I sketched the lineart for this pic in my li’l black Moleskine while sitting with Jennifer in a long queue.
We were at the South African Revenue Service — SARS — trying to sort out the fact that my tax profile had been hijacked by my ex-tax accountant, Debbie Duckworth.
The dude pictured was sitting at one of the booths, and the tax consultant was busy finding some documents for him.
When Jennifer and I got to our booth after about half an hour, we were helped by no fewer than three people simultaneously.
It was like one of those surgical emergencies where one team is working on the vascular system, another on the heart, and another fixing broken bones.
If you’re ever at the Randburg SARS office getting help, I strongly recommend seeing Sibongile, Chester, or Tshidi. Or all three at once.
The upshot of all of this is that I phoned Debbie Duckworth, my ex-tax accountant, from someone else’s cellphone. I had to do this because she was simply ignoring all of my phonecalls, and has been doing so since last year.
She didn’t answer, so I left this message, with Sibongile amd Tshidi and Jennifer as my witnesses:
‘Hi Debbie. This is Roy Blumenthal. It’s approximately 5pm on Monday the 28th of January. I’m with a SARS official right now, and I’m letting you know that they’re asking you to release my tax details from your profile.’
I handed the phone to Sibongile, who confirmed this.
I then took the phone and continued:
‘I’ve had enough of the trouble you’ve caused for me, and earlier this afternoon I called the SARS Anti-Corruption Hotline, and they have indicated that they’ll be investigating you. Please release my profile and let me get on with filing my tax return. Thanks.’
Seconds after I put the phone down and handed it back, it rang. It was Debbie.
‘Hi Debbie,’ I said, putting it on speakerphone.
She said, ‘Hullo. Who am I speaking to?’
‘It’s Roy Blumenthal. Please can you sort out my tax profile situation.’
‘What? Roy Blumenthal? Uh… I’ll call you back later.’
The SARS people shook their heads sagely.
A little later, when they were trying to free my name from Debbie’s profile, Sibongile asked me to try and call again, to see if Debbie would give them some information.
So I called from my phone. On speakerphone. In front of witnesses.
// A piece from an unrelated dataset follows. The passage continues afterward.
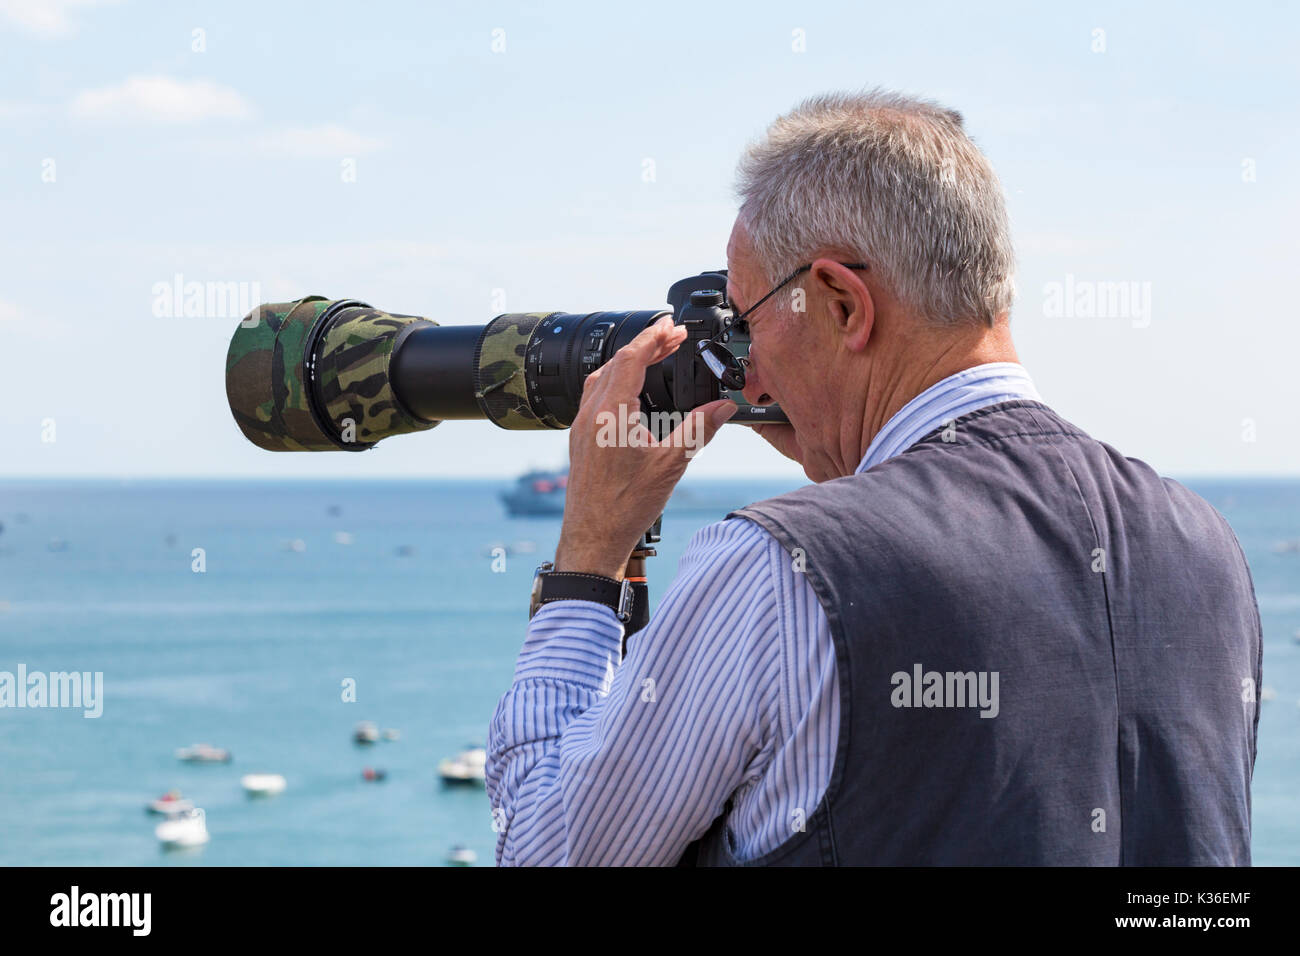 Bournemouth, UK. 1st Sep, 2017. The second day of the tenth anniversary of the Bournemouth Air Festival. Photographer ready to capture the action Credit: Carolyn Jenkins/Alamy Live News Stock Photo

Debbie said, ‘How dare you keep calling me! This is bordering on harassment! I’ve released your name!’
‘Actually,’ I said, ‘you didn’t. You simply deactivated my name, but kept it attached to your profile.’
‘You’re a psycho! Quite frankly, you’re horrible! A psycho! All of the people at C_____t say so! You’re a psycho. And you can have me investigated as much as you want, you’re just a psycho!’
The ‘people’ at C_____t might very well have called me a psycho. Who knows? Maybe I AM a psycho. But what on earth has that got to do with my tax profile? (The people from C_____t include an ex-girlfriend of mine, and her buddy. Debbie is their accountant now.)
I said, ‘Thanks Debbie. I’ll say cheers now.’
And that should have been the end of that, cos Sibongile managed to liberate my profile, and it’s now with its rightful owner — me.
Which brings us up to tonight. My phone rings.
A guy’s voice with a stiff Afrikaans accent says, ‘Hello. Is this Roy Blumenthal? I’m Frik Botha, Debbie Duckworth’s fiancee. I believe you’re threatening her.’
‘I’m not threatening her,’ I say. ‘And I’d appreciate it if you don’t phone me.’
He kept telling me about how he would ‘advise’ me not to threaten his fiancee.
And I told him, ‘Frik, please don’t phone me again, or else I’ll be seeking an injunction against you.’
So he carried on shouting into his phone.
I said, ‘Thanks Frik. Please don’t call again. Bye.’
He said, ‘Don’t you–‘
Click. I put the phone down.
It rang again. And he threatened me some more. And I asked him politely not to call me again. And put the phone down.
All of which makes me think, ‘What on EARTH is Debbie Duckworth doing all this for? I was the tiniest of all possible clients, with very straightforward books. And all she had to do was release my damn profile.
Instead, she’s escalated this into a fullblown investigation. Not of me, but of HER!
Which is crazy. Cos if she’s been lying to any of her clients the way she lied to me, then she’s got stuff to hide. Which means she’s got something to lose.
I’ve got nothing to lose. I’m just a crazy freelancer with a web presence.
I scanned the Moleskine sketch, and popped it into Photoshop CS2, where I spent way too long playing with colours and textures, and enjoying myself tremendously while Debbie and Frik seethed somewhere in suburban bliss in Helderkruin, Krugersdorp. And yeah… I believe the Toshiba Tecra M4 tablet pc IS tax deductable.